=== Problem description ===
Pictures in the material below are to be left out, and only the lines from the line with "L Istituto opera" up to and including the line with "Aussichtspunkt in den" are to be written out exactly.

=== Provided records ===
::::::

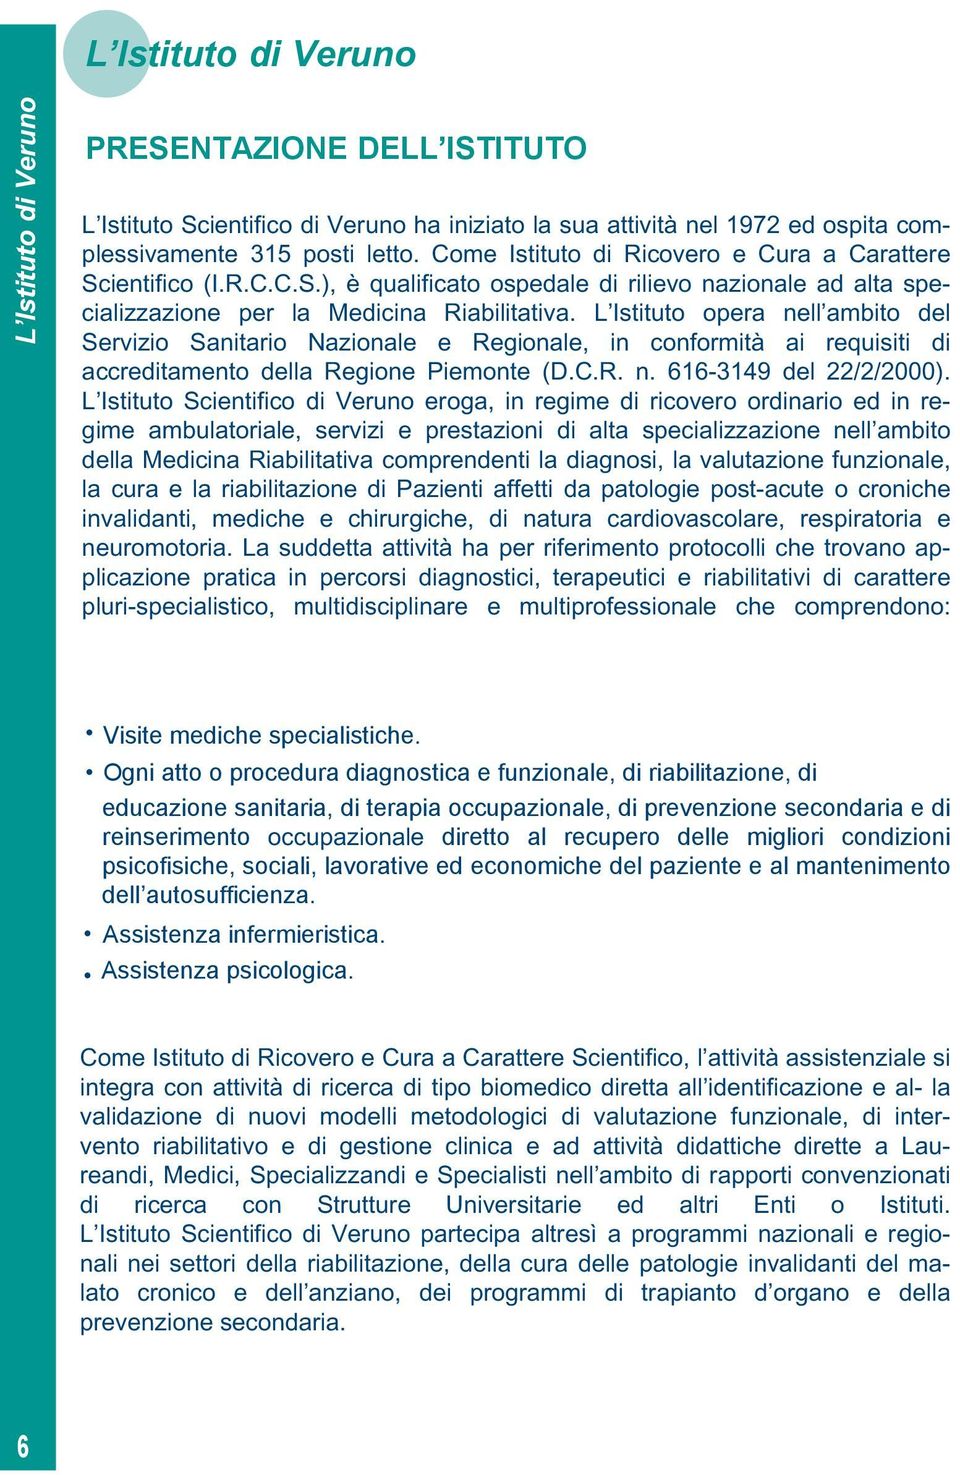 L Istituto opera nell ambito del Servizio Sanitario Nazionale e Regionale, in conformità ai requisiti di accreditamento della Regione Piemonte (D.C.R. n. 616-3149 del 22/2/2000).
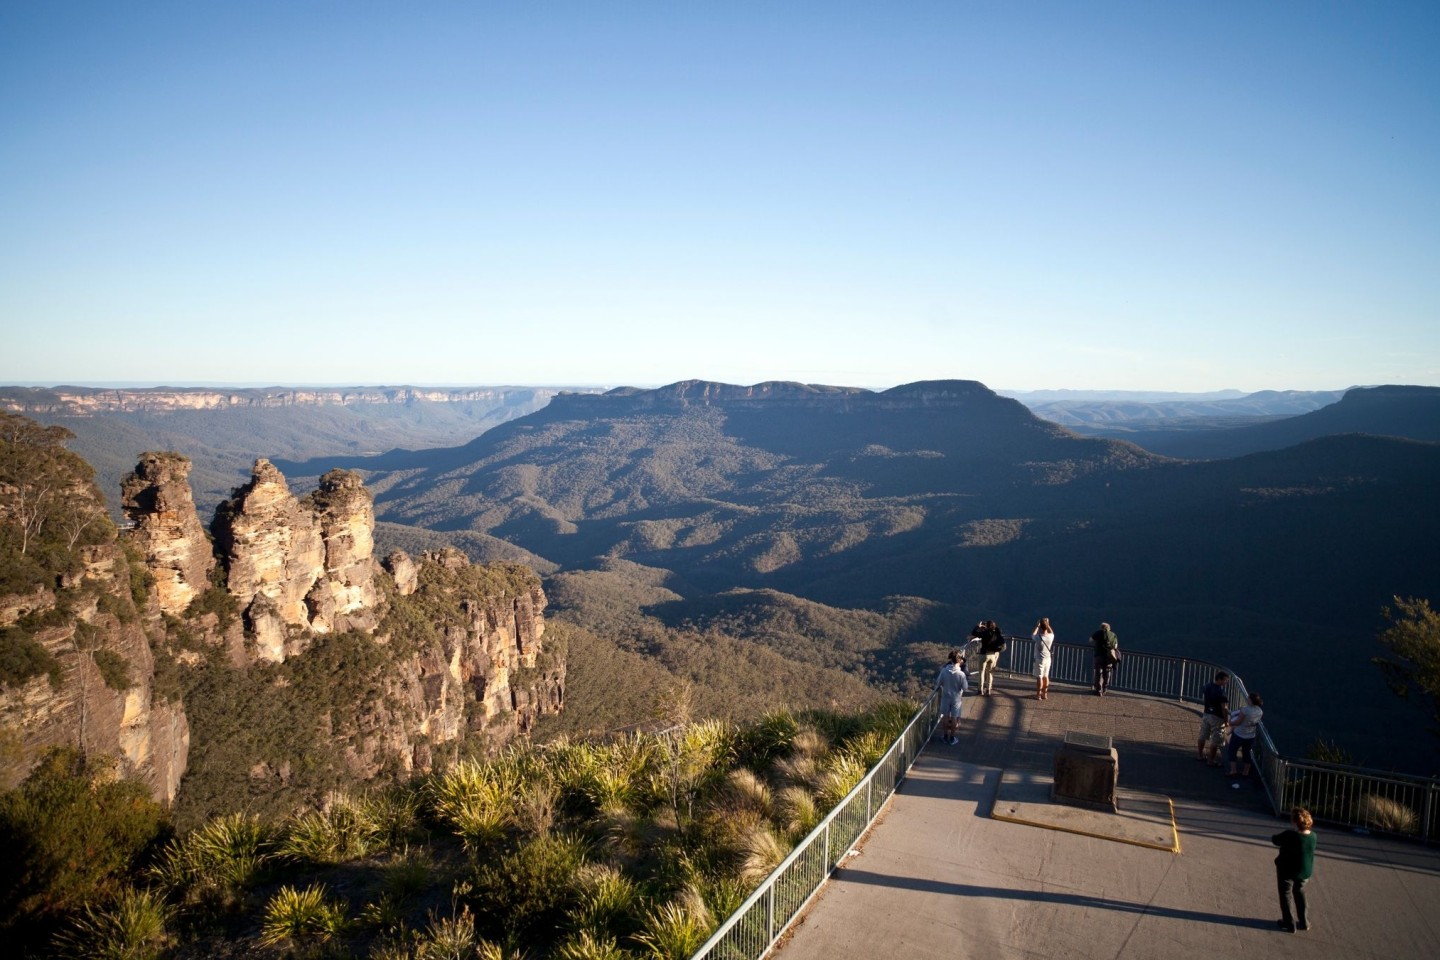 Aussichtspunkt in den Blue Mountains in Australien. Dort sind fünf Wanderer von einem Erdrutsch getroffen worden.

::::::

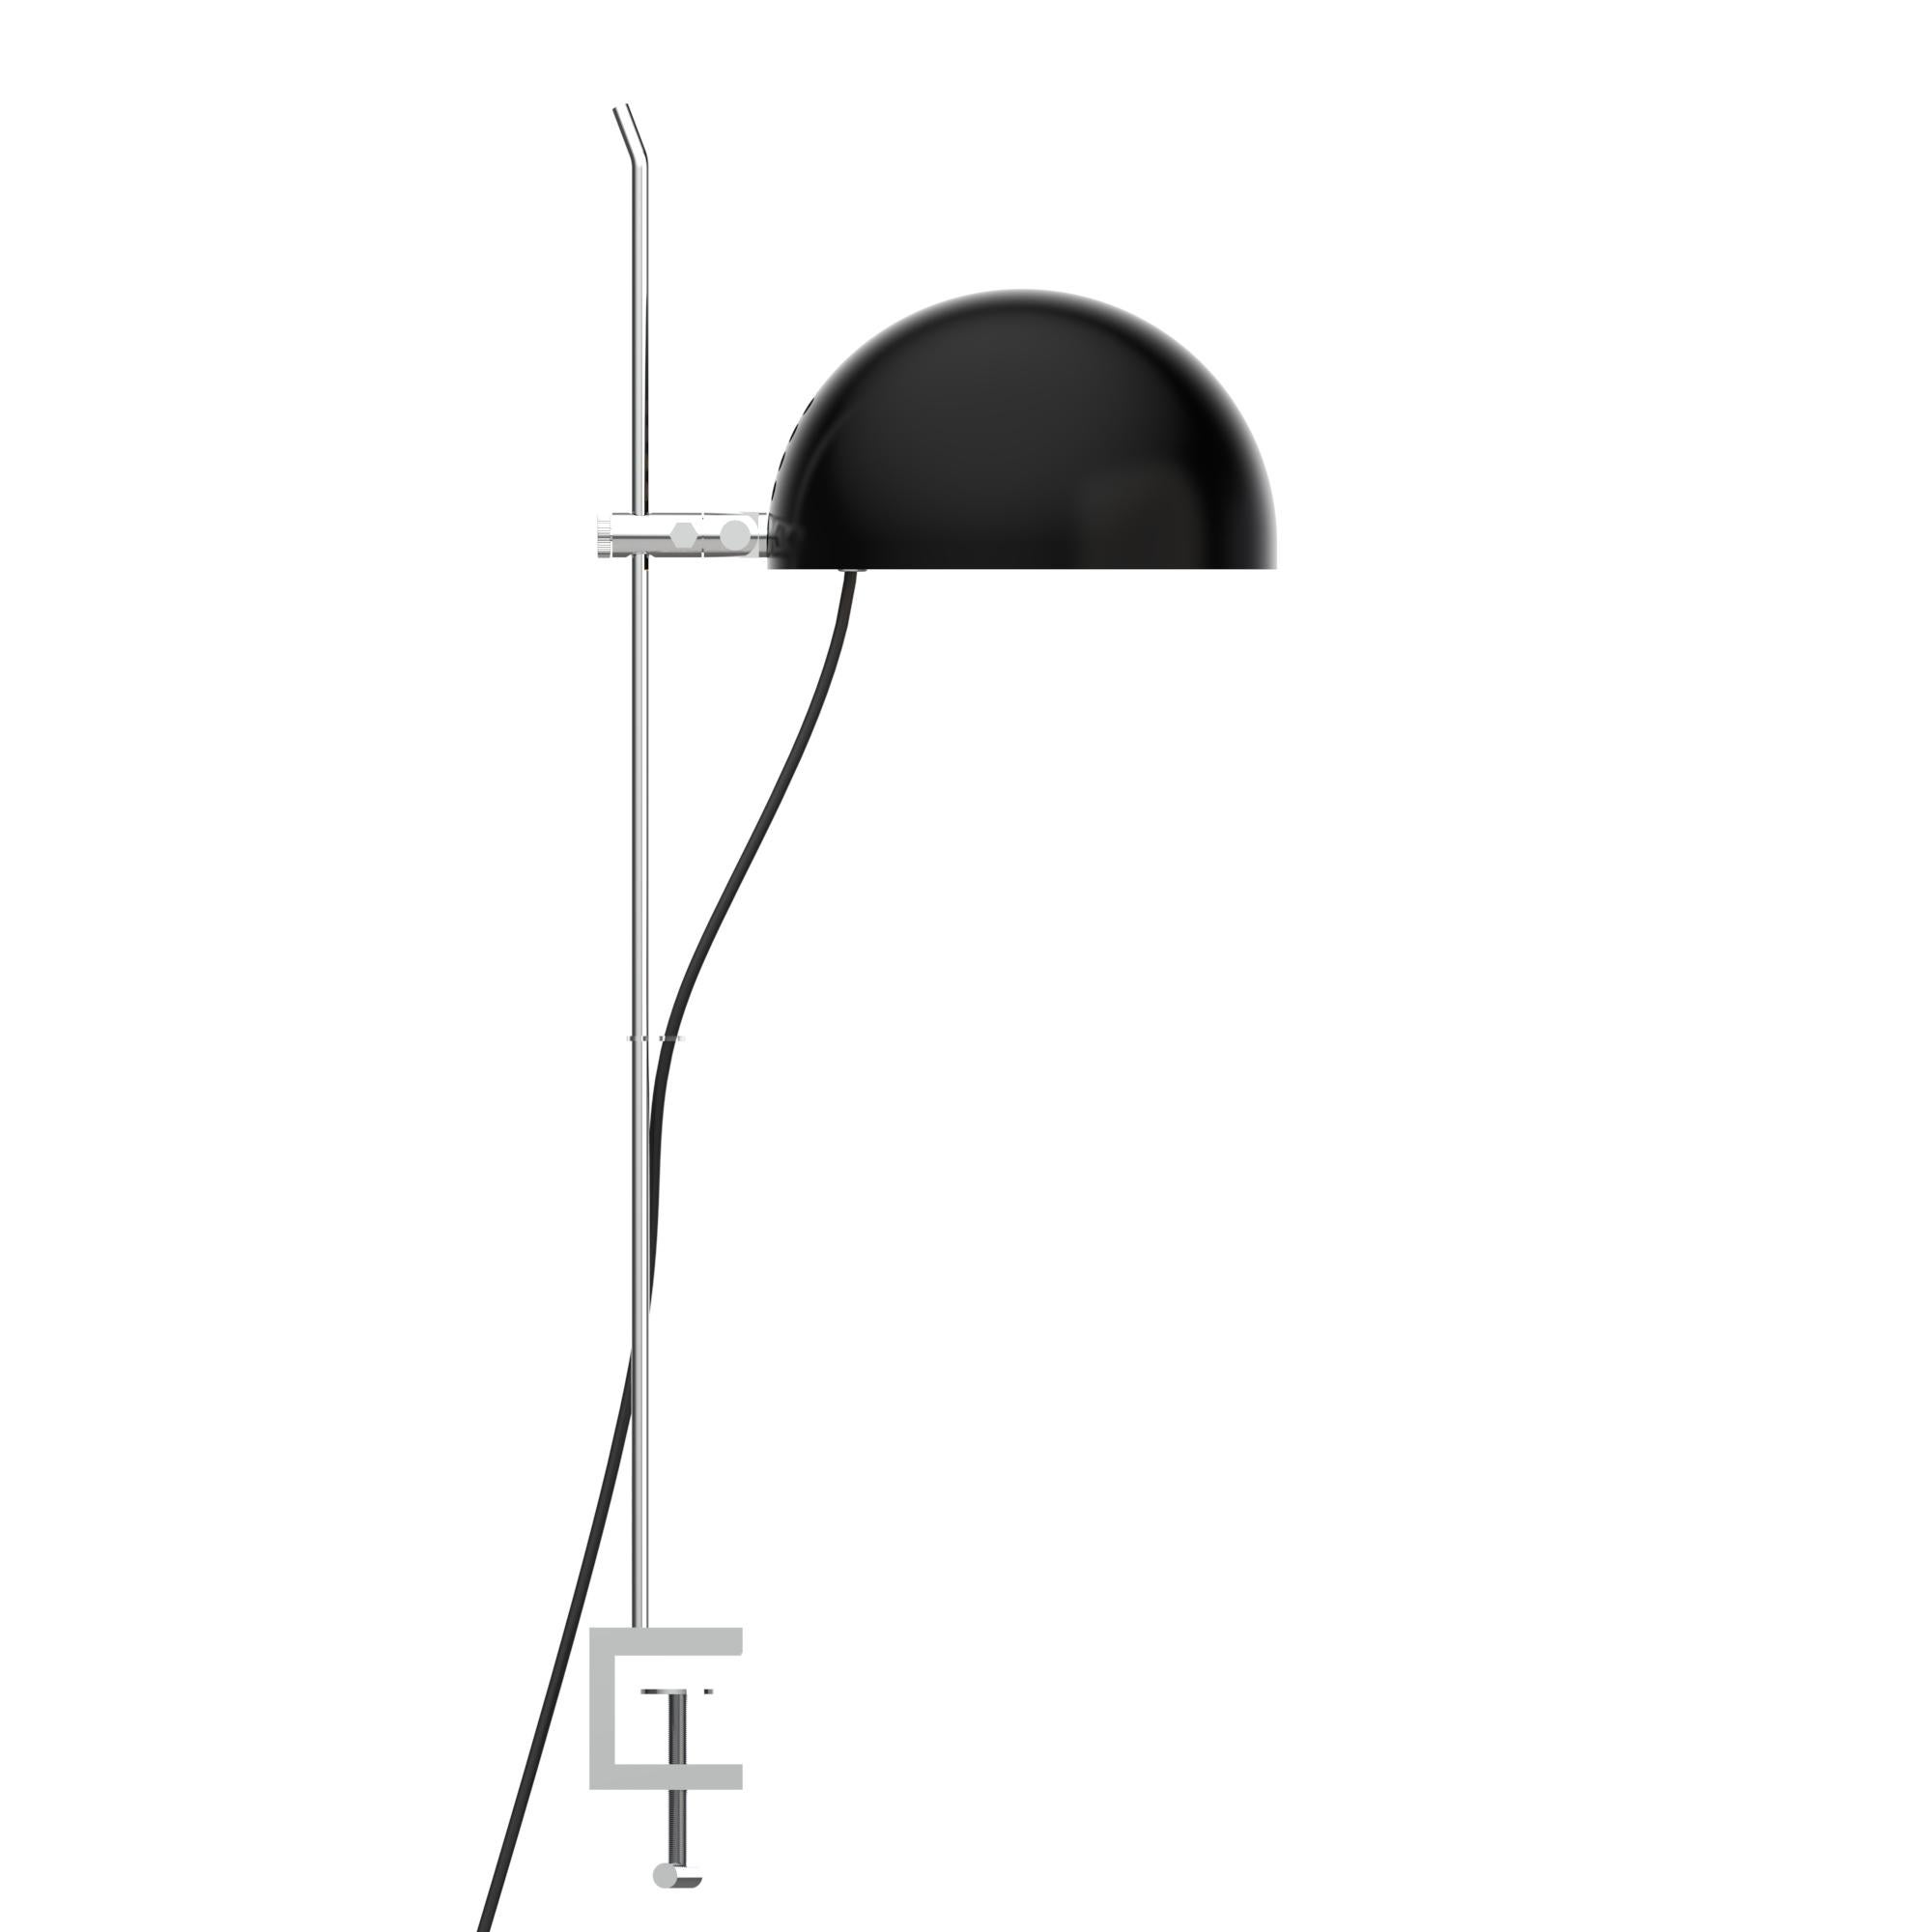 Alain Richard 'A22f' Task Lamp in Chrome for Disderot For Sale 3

::::::

=== Answer space ===
 L Istituto opera nell ambito del Servizio Sanitario Nazionale e Regionale, in conformità ai requisiti di accreditamento della Regione Piemonte (D.C.R. n. 616-3149 del 22/2/2000).
 Aussichtspunkt in den Blue Mountains in Australien. Dort sind fünf Wanderer von einem Erdrutsch getroffen worden.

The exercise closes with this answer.